2. In relation to a campaign's adversary. Nonviolence aims either to inhibit the violence of an adversary or to ensure that violent repression will 'backfire' politically against them. Beyond that, it seeks to undermine an oppressive institution's 'pillars of power' (see 'Pillars of Power' or 'Spectrum of Allies' Exercise). Rather than treating employees of our opponents as inanimate tools, nonviolence tries to create possibilities for them to rethink their allegiances.

3. In relation to others not yet involved. Nonviolence changes the quality of communication with bystanders or 'outsiders'—people not yet concerned about the issue or not yet active about it, people who can be potential allies (see 'Spectrum of Allies' Exercise). The pioneer of nonviolent scholarship was Gene Sharp, who has suggested four mechanisms of change in those opposing a nonviolent struggle: a) conversion: occasionally a campaign will persuade them to its point of view; b) coercion: sometimes a campaign can coerce adversaries to back down without convincing them of the activists' views of right and wrong; c) accommodation: when an adversary looks for some way to 'accommodate' a campaign, to make a concession without granting everything a campaign demands and without relinquishing power; d) disintegration: a mechanism Sharp added after 1989 when Soviet-aligned regimes had lost so much legitimacy and had so little capacity to renew themselves that, in the face of a 'people power' challenge, they disintegrated. (For more, see 'Forms of Action').

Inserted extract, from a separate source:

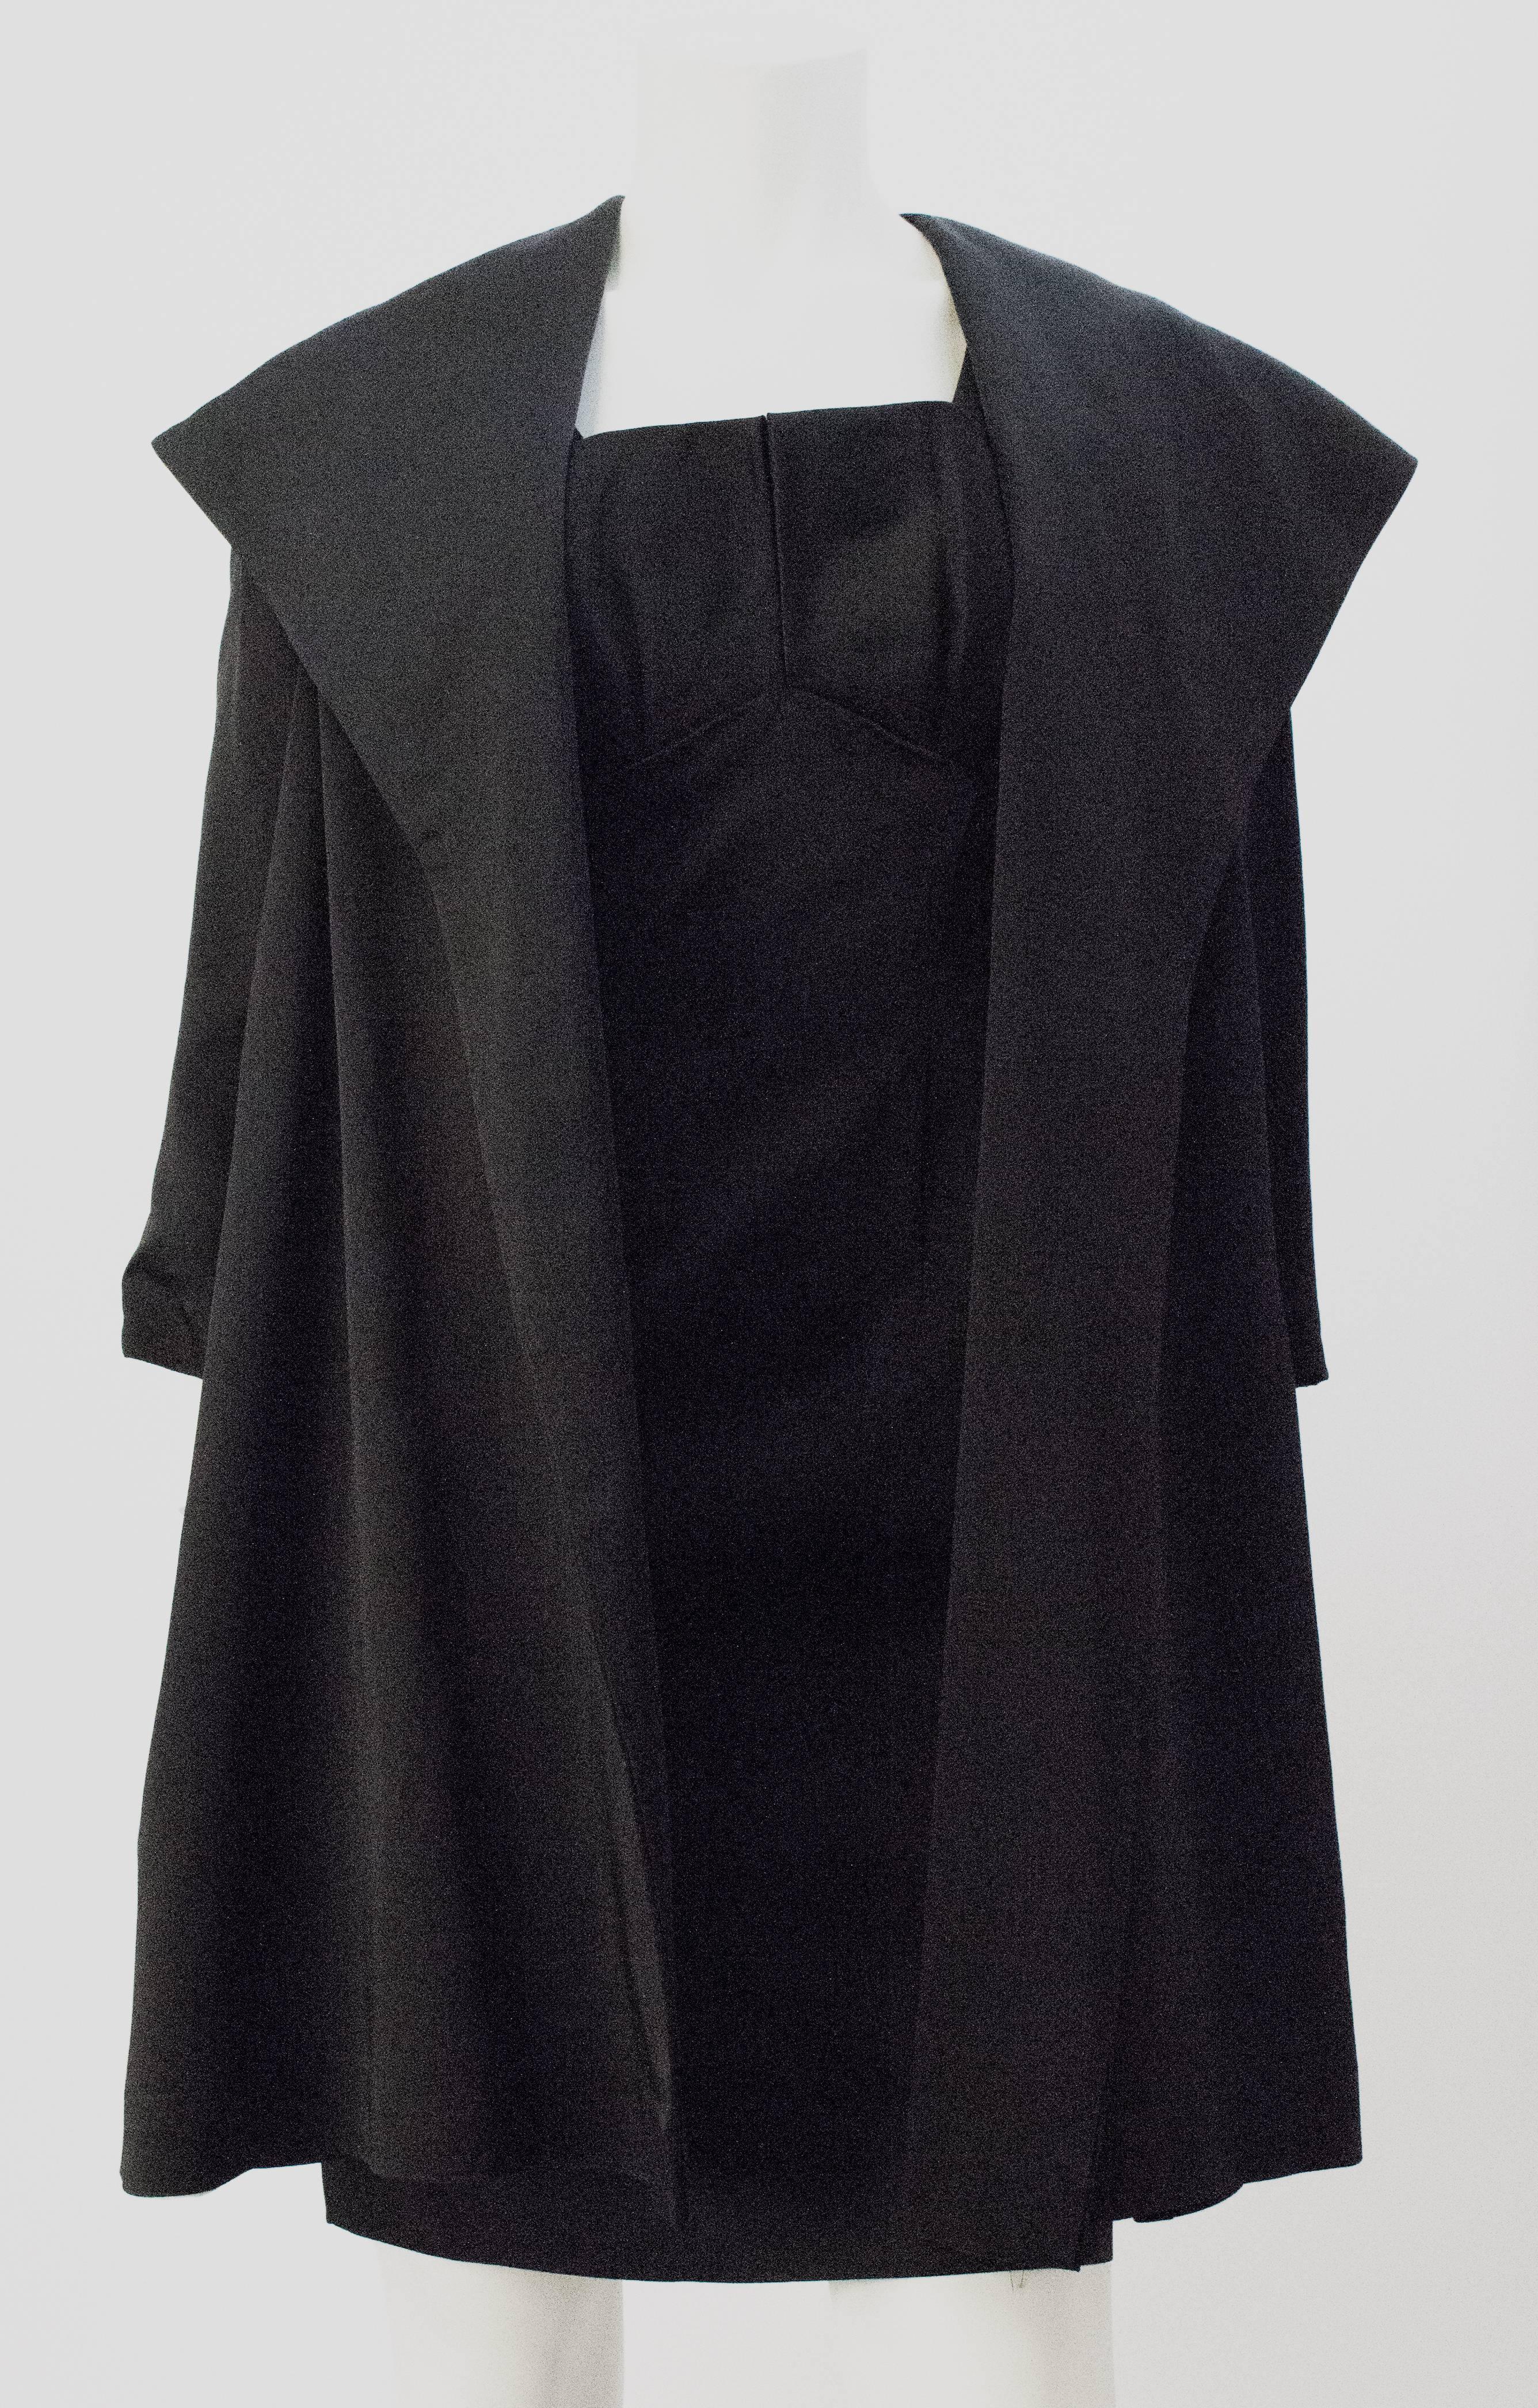 (Manteau seulement) Robe de cocktail des années 50 en satin noir avec un buste plissé et un manteau de soirée assorti en satin noir avec une doublure en satin champagne. Fermeture éclair centrale arrière en métal sur la robe.

Mesures de la robe

Scholarship on nonviolence tends to look more at the ultimate success of a movement, in particular the leverage it succeeded in exerting on those in power. This Handbook, however, is more concerned with looking at processes involved in building campaigns, in making issues alive and tangible, in designing campaign strategies, and in preparing and evaluating action. What we write is firmly grounded in the practice of social movements, and in particular our own experiences with the peace, antimilitarist, anti-nuclear, and social justice movements of various countries.